# Epson Sublimation Printers



## silverpony (Sep 15, 2018)

I'm looking at buying a sublimation printer but can't decide between the Epson C88 or the Epson WF-2750 (inserted links below). Does anyone know what the difference is between them or is one better than the other? Also, both printers say it comes with CISS so does that mean its a separate ink system just for sublimation so you can do both inkjet prints and sublimation? Thanks in advance!

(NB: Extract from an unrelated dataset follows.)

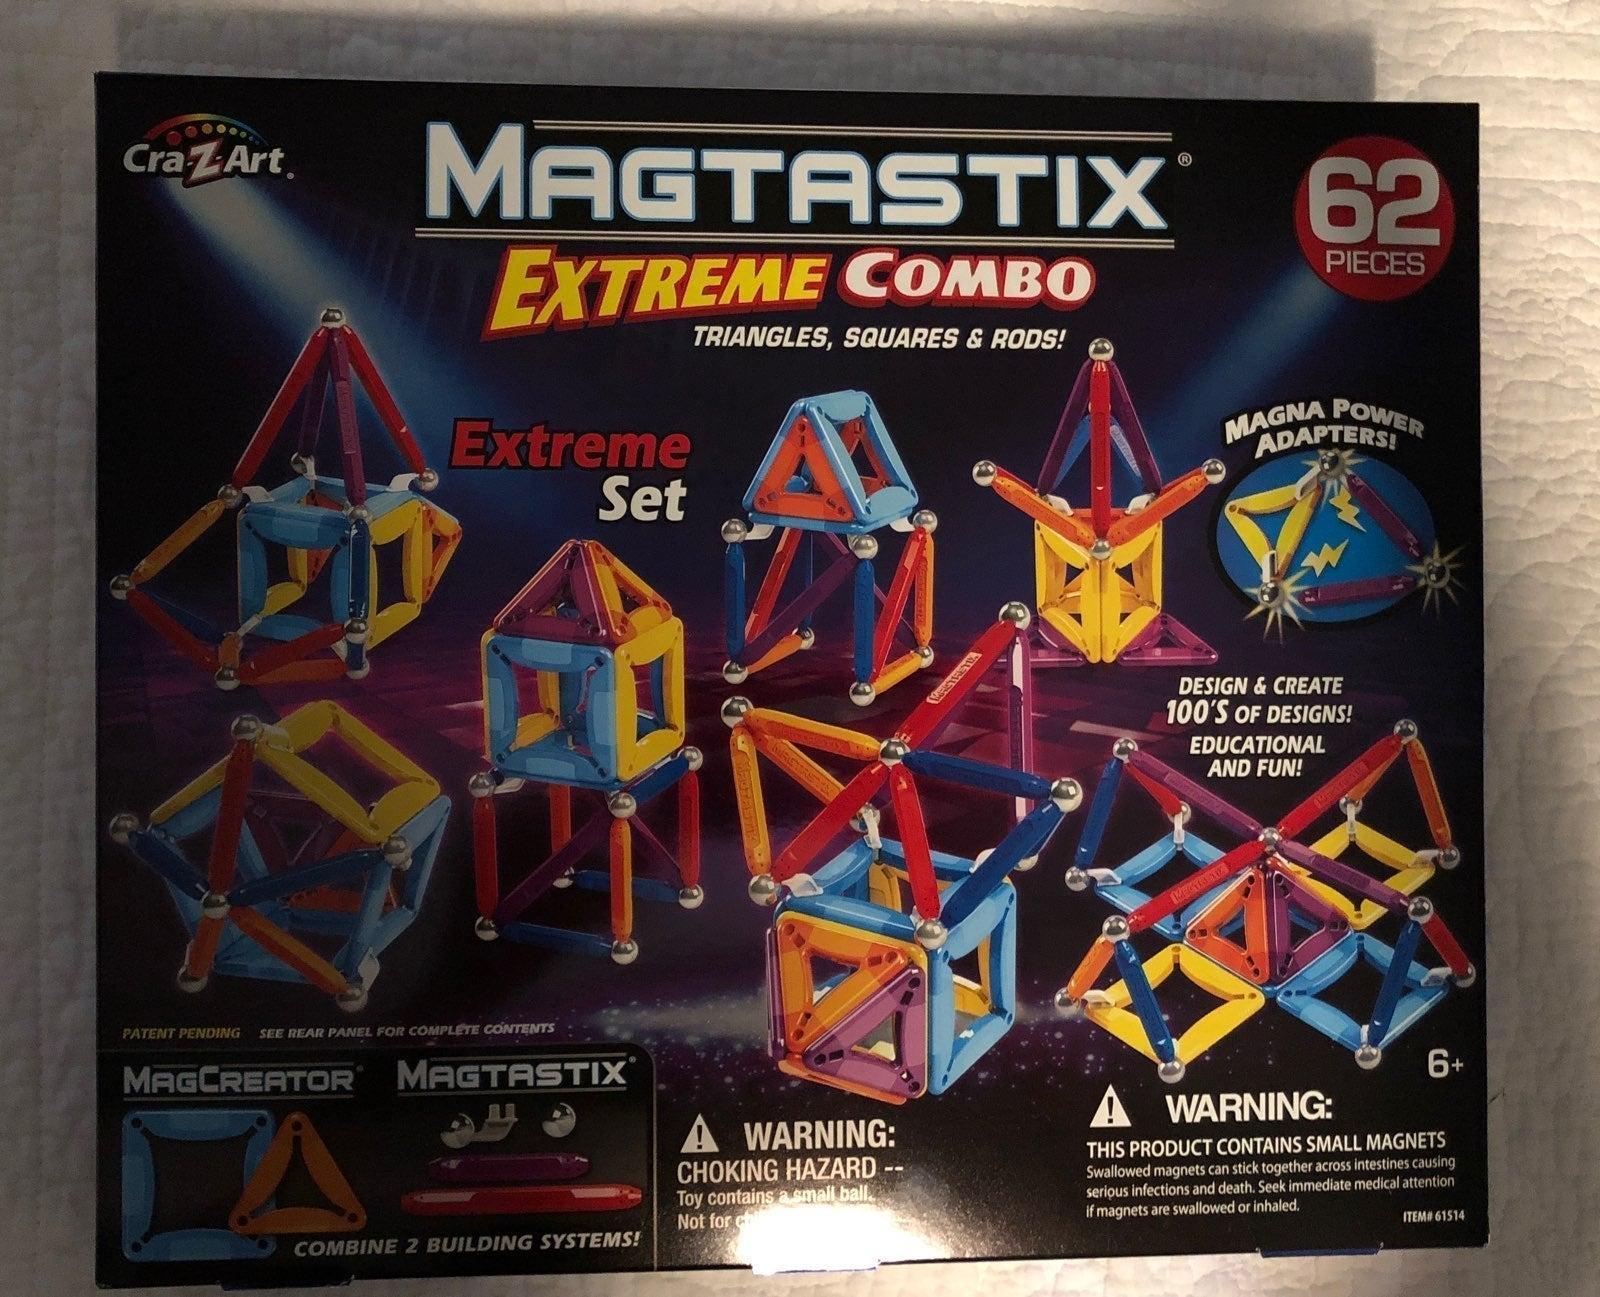 Magtastix 62 Piece Set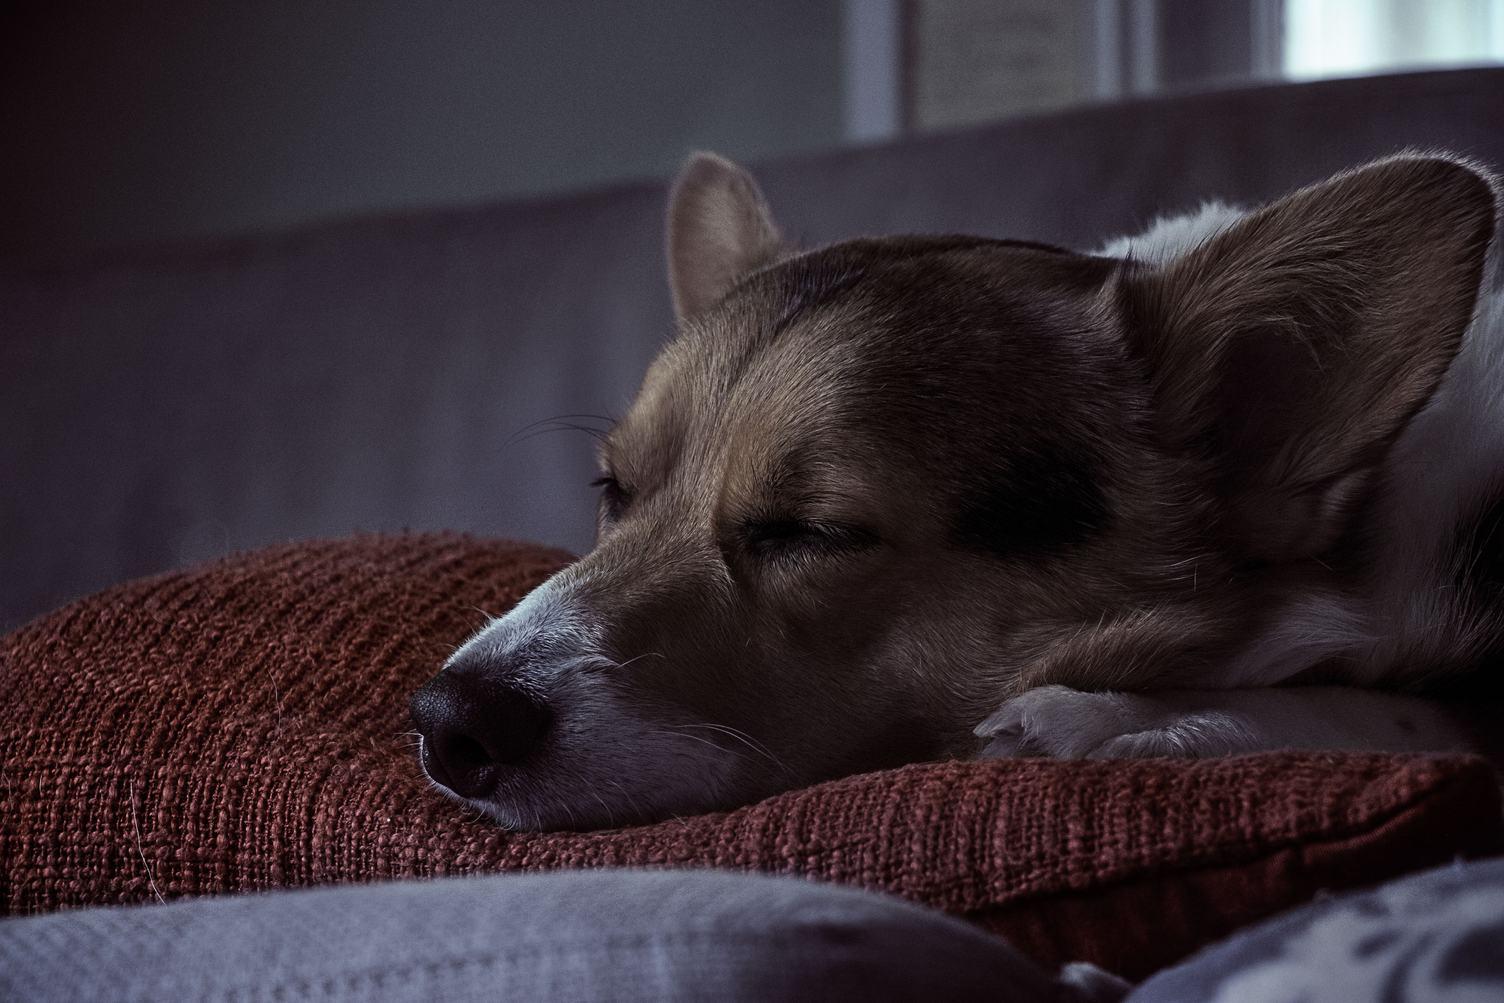 Dog Sleeping on the Pillow

https://www.amazon.ca/Sublimation-W...ye+sublimation+printers&qid=1547938153&sr=8-6

https://www.amazon.ca/Sublimation-E...ye+sublimation+printers&qid=1547938280&sr=8-7


----------



## into the T (Aug 22, 2015)

since you are posting amazon.ca items,
i will assume you are in canada

firstly, you can save $100 and get the c88 bundle from here

secondly,
i would get this printer from staples for $49.99, 
get the refillable carts elsewhere and the ink from the above place
even the epson wf2750 is only $99.99 at staples

the refillable carts are ~$35 cad from here and the ink is ~$70 from the above place
for a grand total of ~$205 cad
for the c88 from staples it is $122, carts ~$25, ink $70 = ~$217

i would stay away from the cis, and get the refillable carts
if you want to stick with epson i would get the c88


----------



## silverpony (Sep 15, 2018)

Thank you for your help! That's a lot cheaper than going through amazon.ca. If there are any other printers out there that you feel are better the Epson, I would love to know


----------



## into the T (Aug 22, 2015)

you need piezo printheads,
and that is only epson and brother

epson is far more popular, but brother does work just as well
(usually you can't get icc's though, but the epson icc's will get you there/pretty close)

you can also get ricoh's for sub, but they are far more expensive
depends on your budget

i think the c88 gets better customer satisfaction reviews than the workforces


----------



## NoXid (Apr 4, 2011)

You don't need to print wider than letter size paper? Usually people want the 13" capable printers.


----------



## silverpony (Sep 15, 2018)

I'm most likely just going to be printing images no bigger than 10" so a standard letter size paper printer is fine.


----------